Various techniques are known for acquiring three-dimensional images of a scene, i.e., images that include depth or distance information of the scene. Exemplary methods of multi-dimensional imaging include: (1) time-of-flight (i.e. light) measurement, (2) reflected radiation phase detection, and (3) stereoscopic image triangulation. Aforementioned techniques (1) and (2) generally require that the image be illuminated/pulsed, for example by a laser beam, and depth data acquired point by point across a field of view. Technique (3) requires multiple imaging sensor arrays and a relatively great amount of computational power in order to derive depth data in real-time. It is, however, desirable in many applications to acquire depth or distance information across an entire field of view simultaneously and in substantially real-time.
Range-gated cameras are known in the art. Such cameras may include a gated detector array, working in conjunction with a pulsed or stroboscopic light source, which illuminates a scene. The array may be gated, for example, by coupling a gated intensifier thereto, or by other means well known in the art. The gate timing of the detector array is delayed relative to the light source so that only light reflected from objects within a desired range of distances from the camera is captured. The camera cannot determine the distances to various objects or different points within the range.

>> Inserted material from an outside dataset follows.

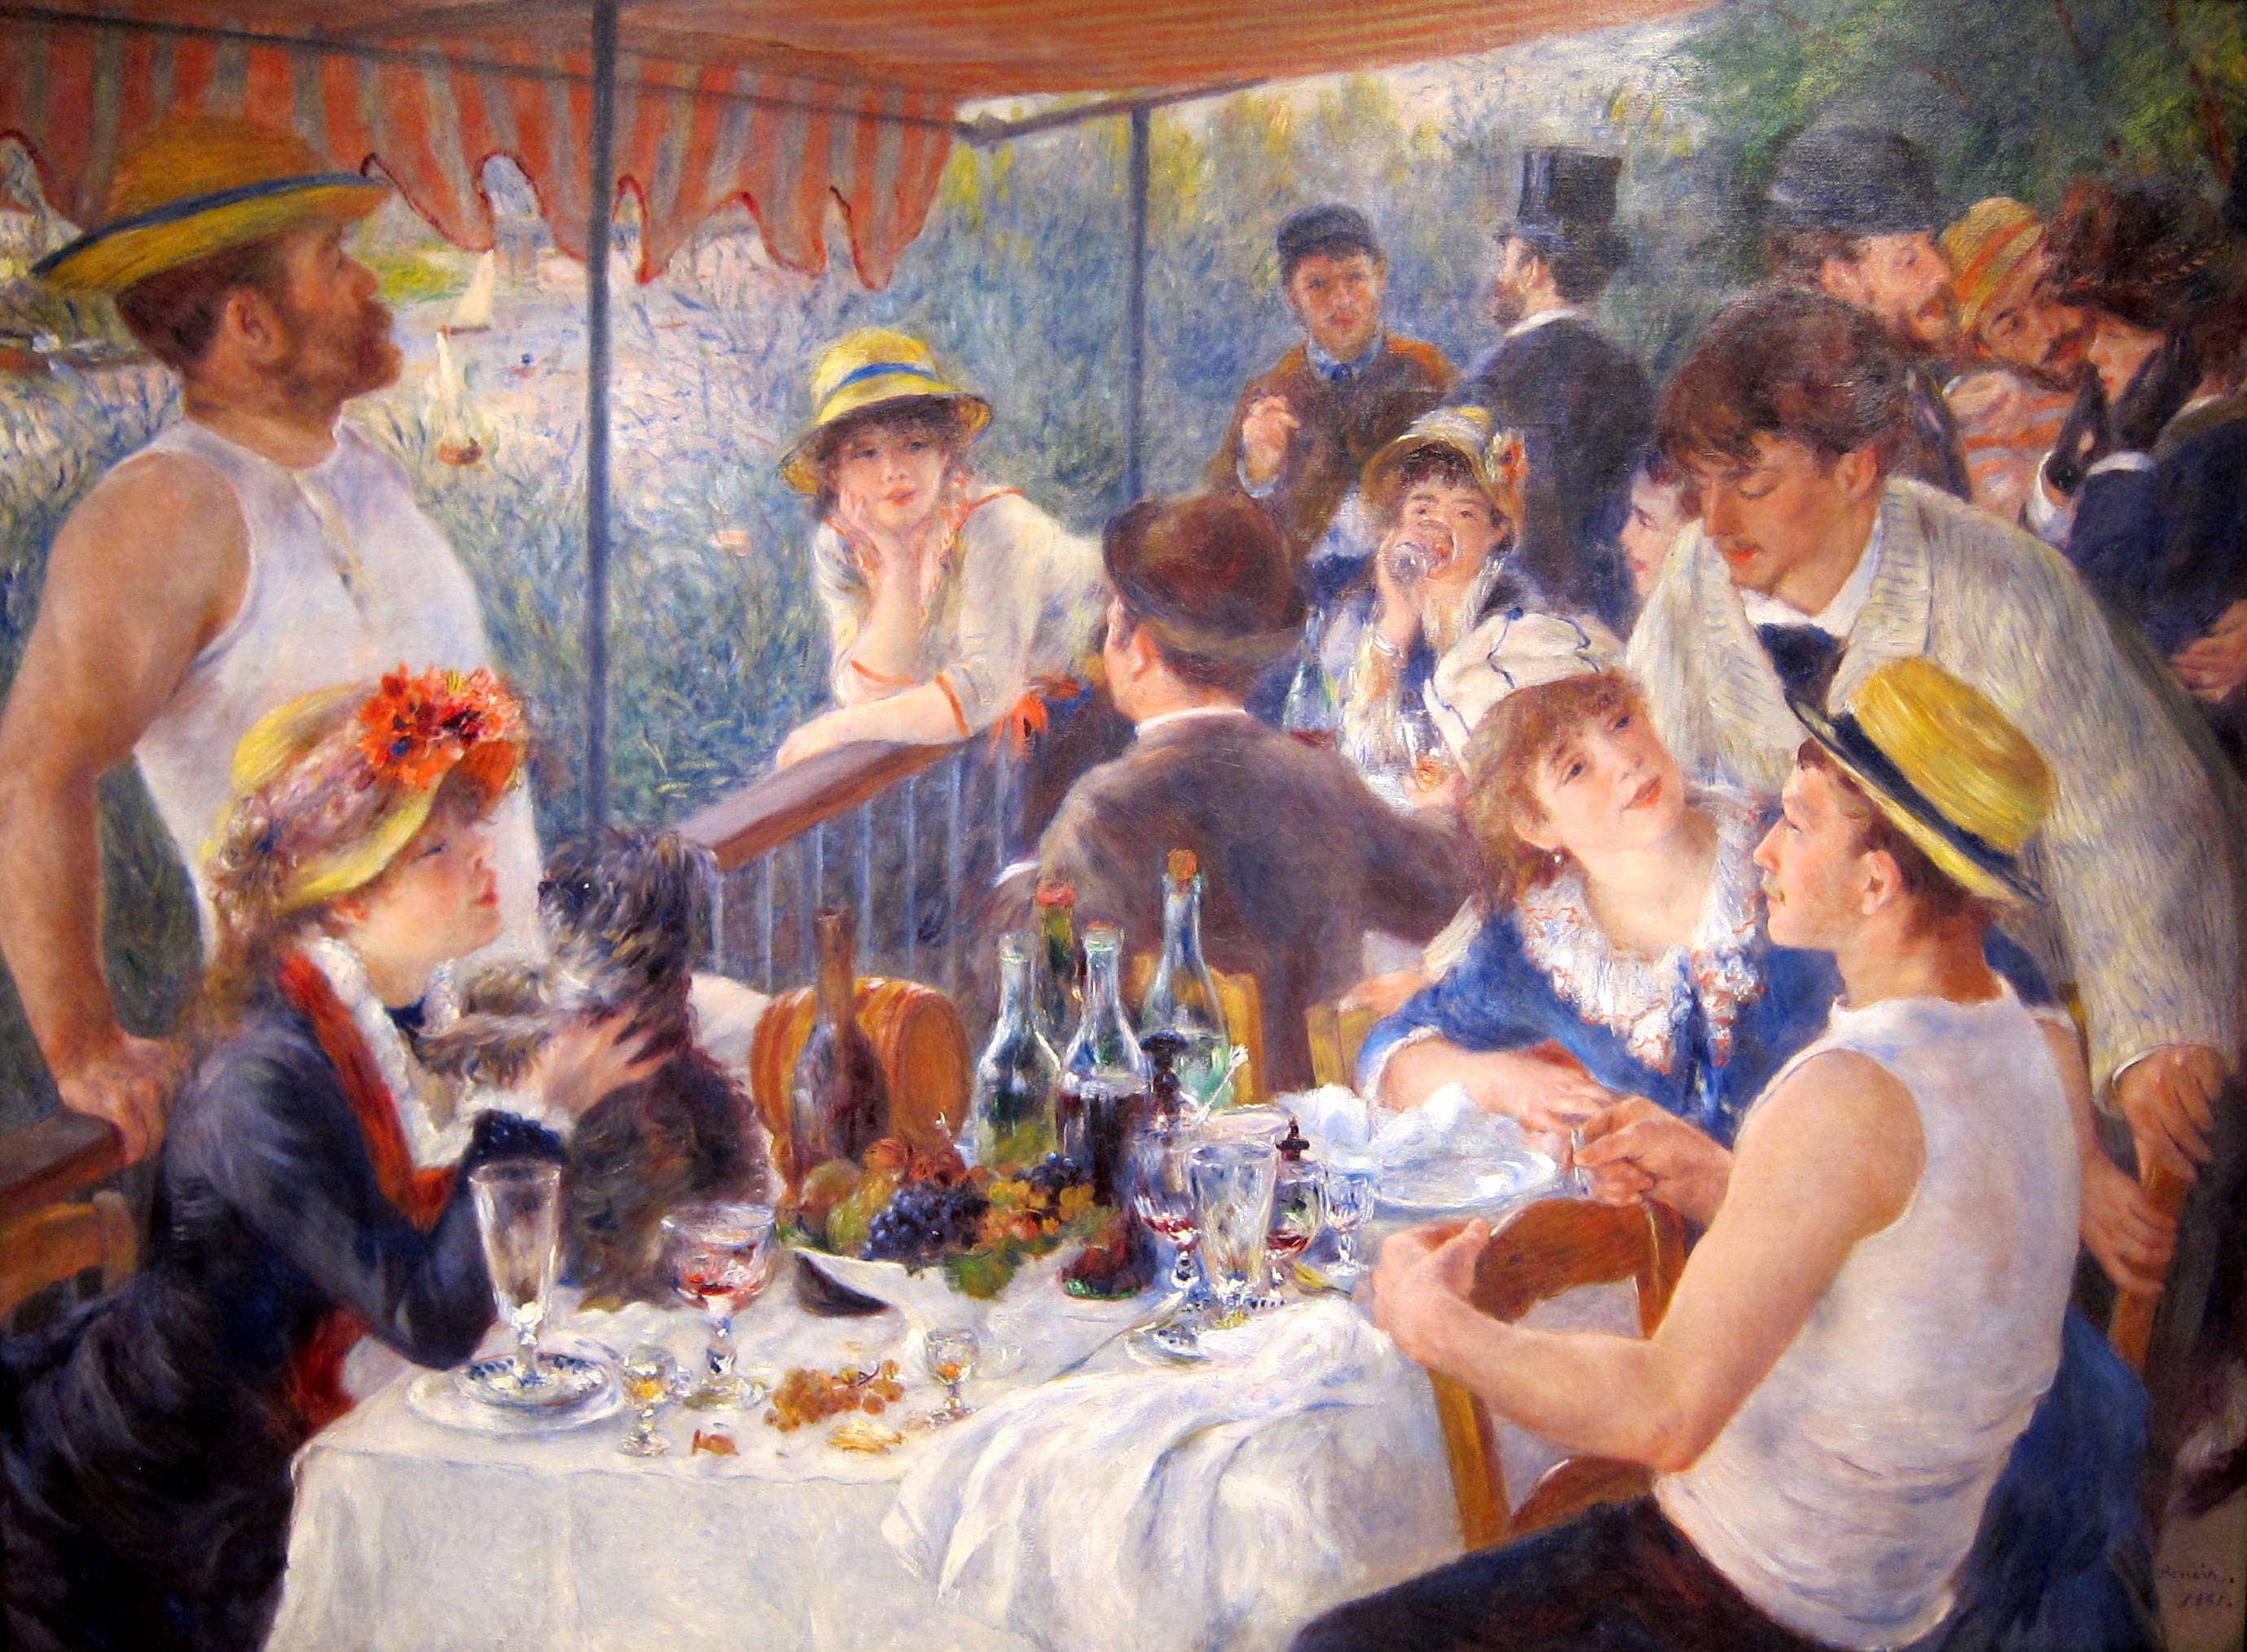 Luncheon of the Boating Party by Pierre-Auguste Renoir - 1880 - 129.9 × 172.7 cm The Phillips Collection

U.S. Pat. No. 6,057,909, which is incorporated herein by reference, describes an apparatus for generating a multi-dimensional data set representing an image including distance information for objects in a scene. The apparatus including a modulated source of radiation, having a first modulation function, which directs radiation toward a scene; a detector, which detects radiation reflected from the scene, modulated by a second modulation function, and generates, responsive to said detected modulated radiation, signals responsive to the distance to regions of the scene; a processor, which receives signals from the detector and forms an image, based on the signals, having an intensity value distribution indicative of the distance of objects from the apparatus; and a controller, which varies at least one of the first and second modulation functions, responsive to the intensity value distribution of the image formed by the processor. The apparatus described in U.S. Pat. No. 6,057,909, may acquire depth or distance information simultaneously over the entire image.
U.S. Pat. No. 6,091,905, which is incorporated herein by reference, describes an apparatus for generating an image indicating distances to objects in a scene. The invention is comprised of a radiation source and modulator, telecentric optics for receiving and collimating the radiation reflected from the scene, a detector and a processor. The detector receives the collimated, reflected radiation and sends a signal to the processor. The processor forms an image having an intensity value distribution indicative of the distance of objects form the apparatus.
U.S. Pat. No. 6,100,517, which is incorporated herein by reference, describes an apparatus for generating an image indicating distances to points on objects in a scene, comprising: a modulated source of radiation, having a first modulation function, which directs radiation toward a scene such that a portion of the modulated radiation is reflected from the points and reaches the apparatus; an array detector which detects radiation from the scene, modulated by a second modulation function, each element of the array detector being associated with a point in the scene, each element of the array detector generating a signal, responsive to a part of the reflected radiation reaching the apparatus, the magnitude of particular element's signal being dependent on the distance of a point in the scene, associated with that element's signal; and a processor which forms an image, having an intensity value distribution indicative of the distance of each of the points in the scene from the apparatus, based on the magnitude of the signal associated with the point; wherein the first and second modulation functions comprise repetitive pulsed modulation functions which are different from each other.
Recent technological advances in industries such as gaming (e.g. immersive gaming) and multimedia communication have lead to a demand for efficient and inexpensive real-time 3D imaging methods, devices and system. 3D imaging systems for many consumer applications require the ability to generate a composite image containing both a two dimensional image displayable on a two dimensional screen and a depth map indicating the distance of specific points/objects on the two dimensional image.
Prior art imaging methods, devices and systems for generating multi-dimensional data sets representing a composite or multi-dimensional (e.g. three dimensional) image of a scene have used a combination of both a ranging sensor array and a visible light sensor array arranged on a common line of sight, for example by using a technology referred to as bore-sighting. Common line of sight arrangements are required in order to have proper correlation between two dimensional image data acquired by the visible light sensor array and ranging data acquired by the ranging sensor array. Common line of sight is achieved using optical arrangements including collimators, beam splitters and other optical elements. The use of common line of sight optical arrangements is, however, both cumbersome and costly. Complexities associated with producing common line of sight optical arrangements are a burden in the production of multi-dimensional imaging devices and systems.
There is a need in the field of imaging for improved methods, devices and systems for generating multi-dimensional image data sets representing a composite (i.e. two dimensional with depth map) images of a scene.